The “possession battle” results?

All Situations Possession

  • PHI (47.1%) vs. TOR (52.9%), 1969
  • EDM (53.4%) vs. PHI (46.6%), 1981
  • LAK (51.7%) vs. STL (48.3%), 2013

Possession, Score Close

  • PHI (41.3%) vs. TOR (58.7%)
  • EDM (48.7%) vs. PHI (51.3%)
  • LAK (51.2%) vs. STL (48.8%)

NHL Team History, Possession, and Winning the Stanley Cup

Photo by “JulieAndSteve”, via Wikimedia Commons

Gabe Desjardins dropped a comment over at my Tumblr awhile ago, asking me if I could put together a graph expanding on a metric I came up with, 2-Period Shot Percentage (or 2pS%). 2pS% is an historical possession metric that takes shots-for and shots-against in just the first two periods of a game and expresses it as a percentage for the team being analyzed. The idea was that I was trying to get a rough possession measure from the period that would avoid score effects, or the tendency for teams with a lead to sit on the lead and thus give up shots late in the game.
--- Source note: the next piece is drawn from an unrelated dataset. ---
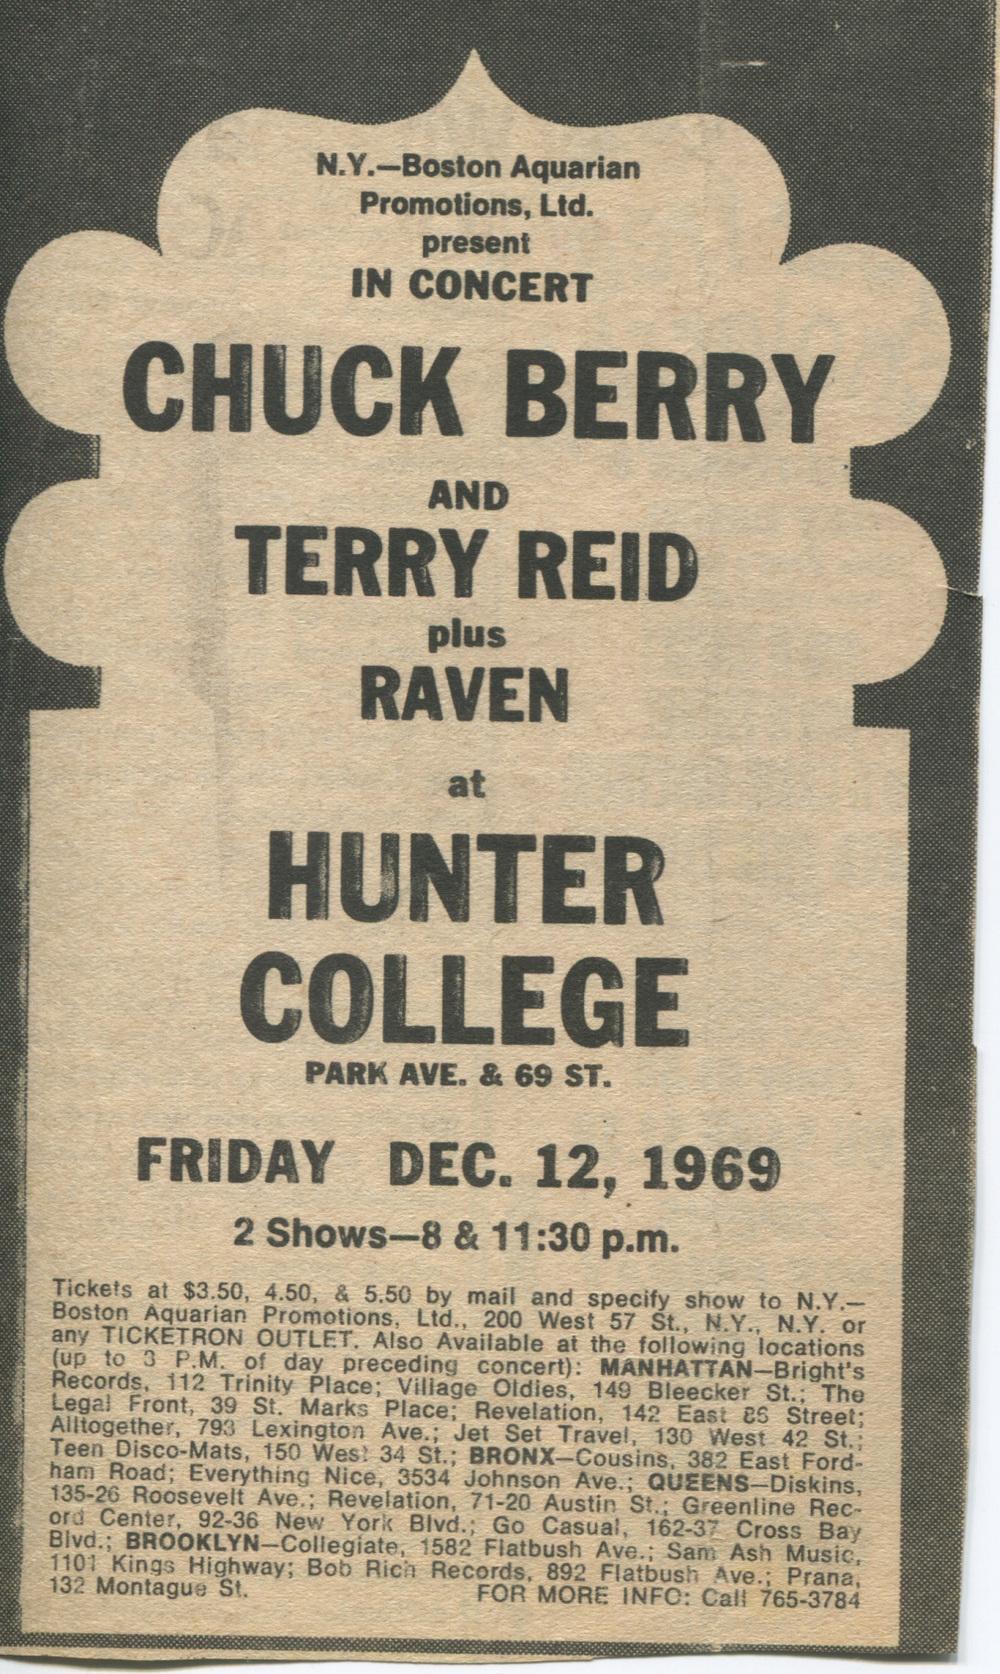 Chuck-Berry-and-Terry-Reid-Concert-Flyer.jpg

Having recently completed a database of period-by-period shot data going back to 1952-53, I have been able to test this metric a bit and the results were good for 2pS% as a possession measure. Returning to Gabe’s request, he wanted to know if I could chart the 2pS% data from year-to-year, with one line following the league leader in the metric and the other line following the Stanley Cup winner. I’d been curious about this myself; certainly there are a number of different ways to express the value of the metric, but this particular one could be interesting because it toes the line between what the Old and New Guard feel is important in this kind of analysis.